Hoofdstuk 4 Nadere regels voor chauffeurs met een BTx-vergunning

Artikel 8. Regels herkenbaarheid

  • 1.

    Het voertuig van de vergunninghouder moet bij het aanbieden van straattaxivervoer voor de consument aan de buitenzijde herkenbaar zijn als taxi met een BTx-vergunning. Daaronder wordt verstaan dat het voertuig moet zijn voorzien van een daklicht welke voldoet aan de in bijlage II opgenomen afmetingen en specificaties, met daarop tenminste vermeld het chauffeursnummer.

  • 2.

    In het voertuig van de vergunninghouder moet, leesbaar vanaf de passagiersstoel en achterbank, informatie worden verstrekt over de werking van het klantbeoordelingssysteem door middel van de stickers/bordjes die door de aanbieder van het betreffende klantbeoordelingssysteem beschikbaar worden gesteld.

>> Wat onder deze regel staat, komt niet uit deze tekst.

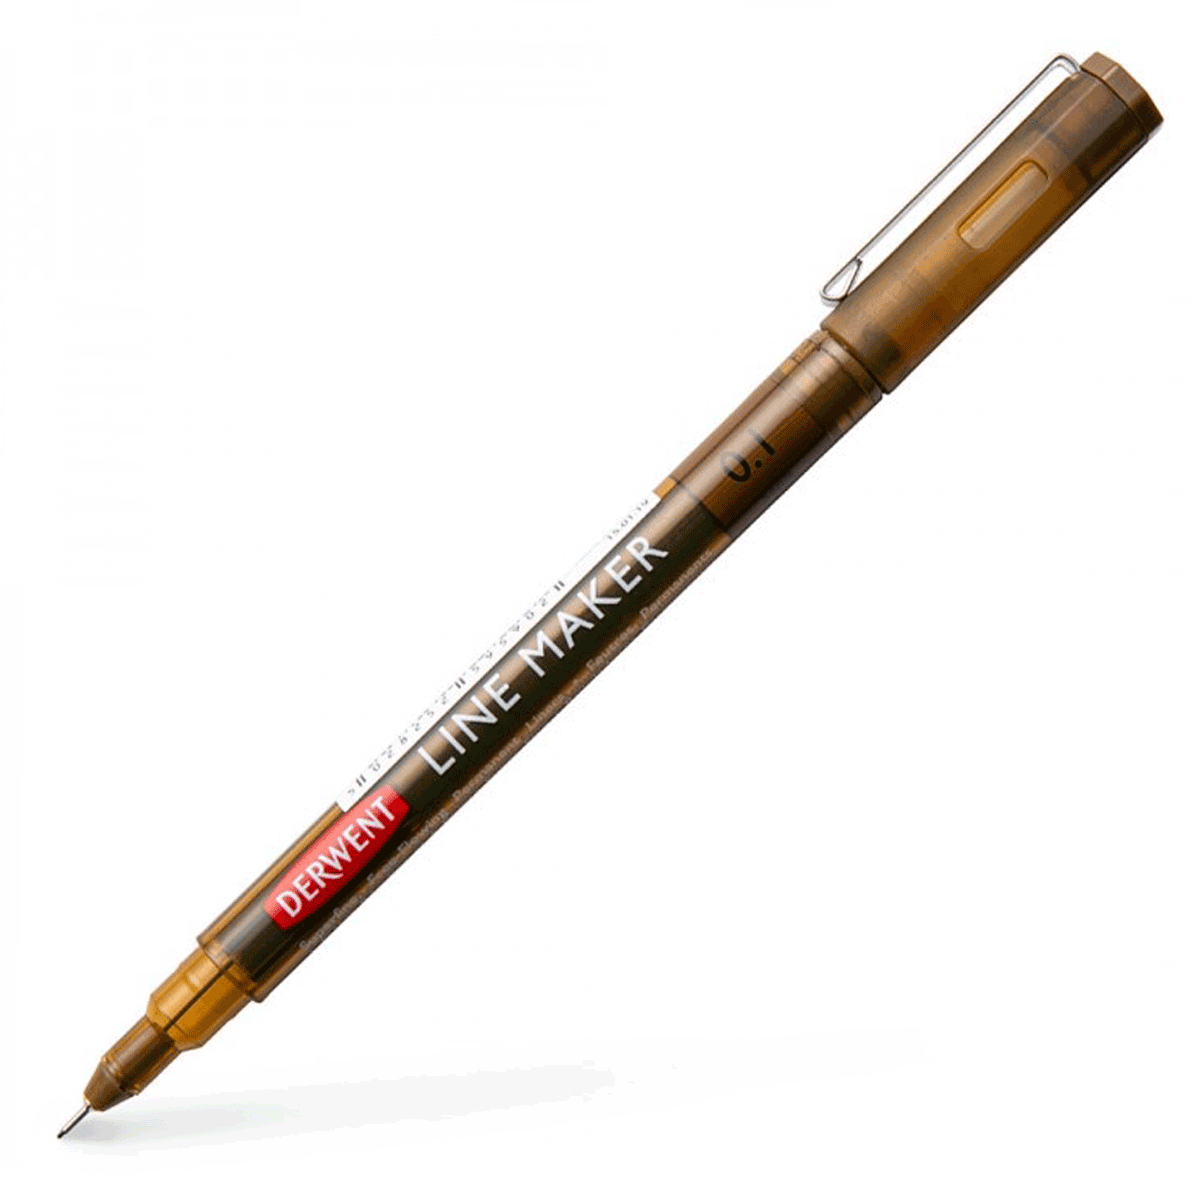 Derwent Graphik Line Maker Pen - Sepia 0.1
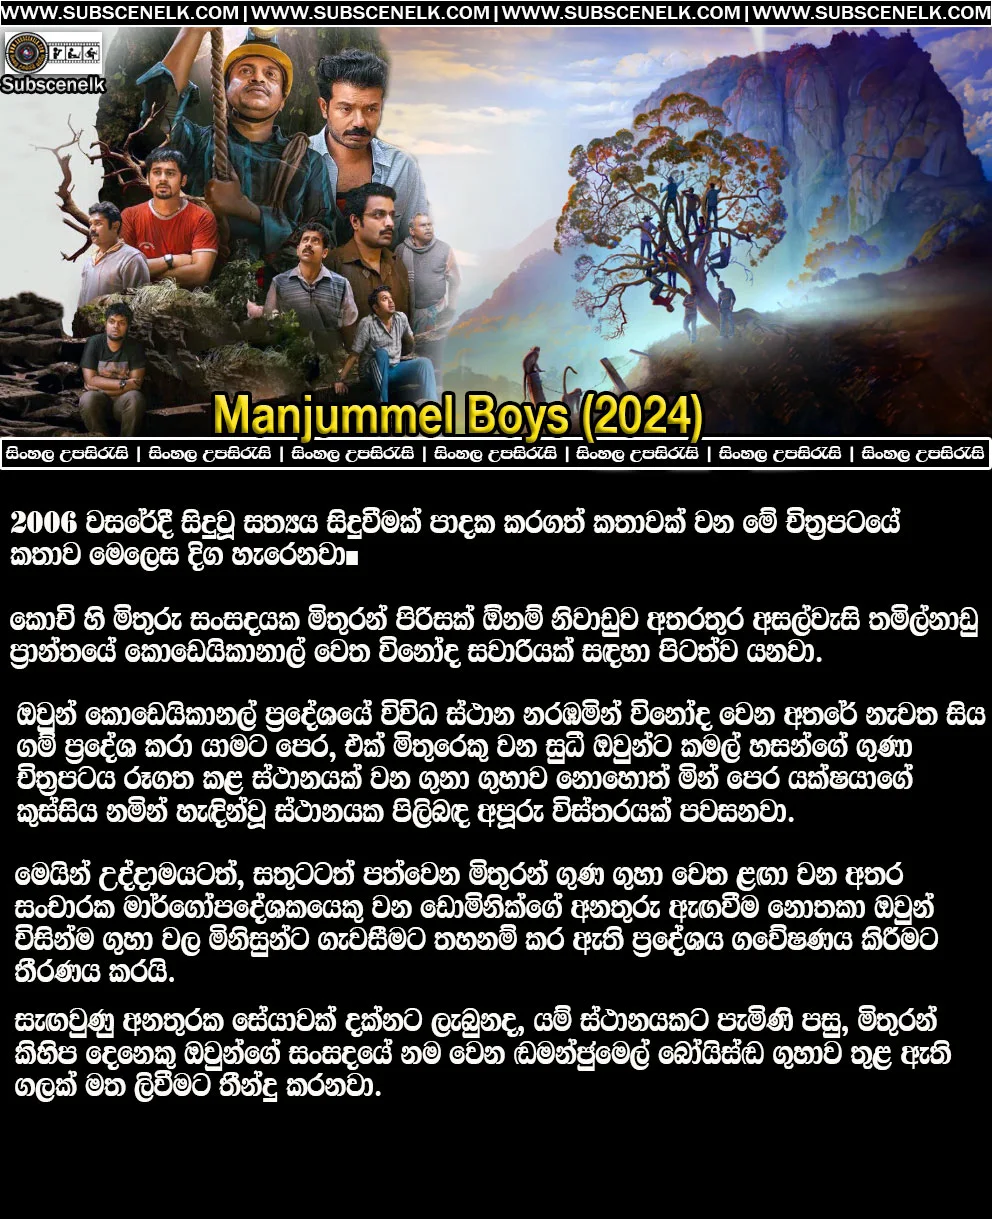 Manjummel Boys (2024) Sinhala Subtitle,Manjummel Boys (2024) Sinhala Sub,Manjummel Boys Sinhala Subtitle,Manjummel Boys Sinhala Sub,Manjummel Boys (2024) Review,Manjummel Boys (2024) Cast,Manjummel Boys (2024) Crew,Manjummel Boys (2024) Story,

Hierbij moet tevens het chauffeursnummer worden vermeld.

  • 3.

    In het voertuig van de vergunninghouder moet, leesbaar vanaf de passagiersstoel en de achterbank, worden vermeld op welke wijze meldingen en klachten over de kwaliteit van de taxirit kunnen worden ingediend. Daarbij moet tenminste worden aangegeven:

    • a.

      via welke wijze de klacht kan worden ingediend (bijvoorbeeld: e-mail, website, post) en dat deze informatie ook terug te vinden is op het geprinte betalingsbewijs;

    • b.

      de termijn waarbinnen de klacht wordt afgehandeld;

    • c.

      het chauffeursnummer van de chauffeur.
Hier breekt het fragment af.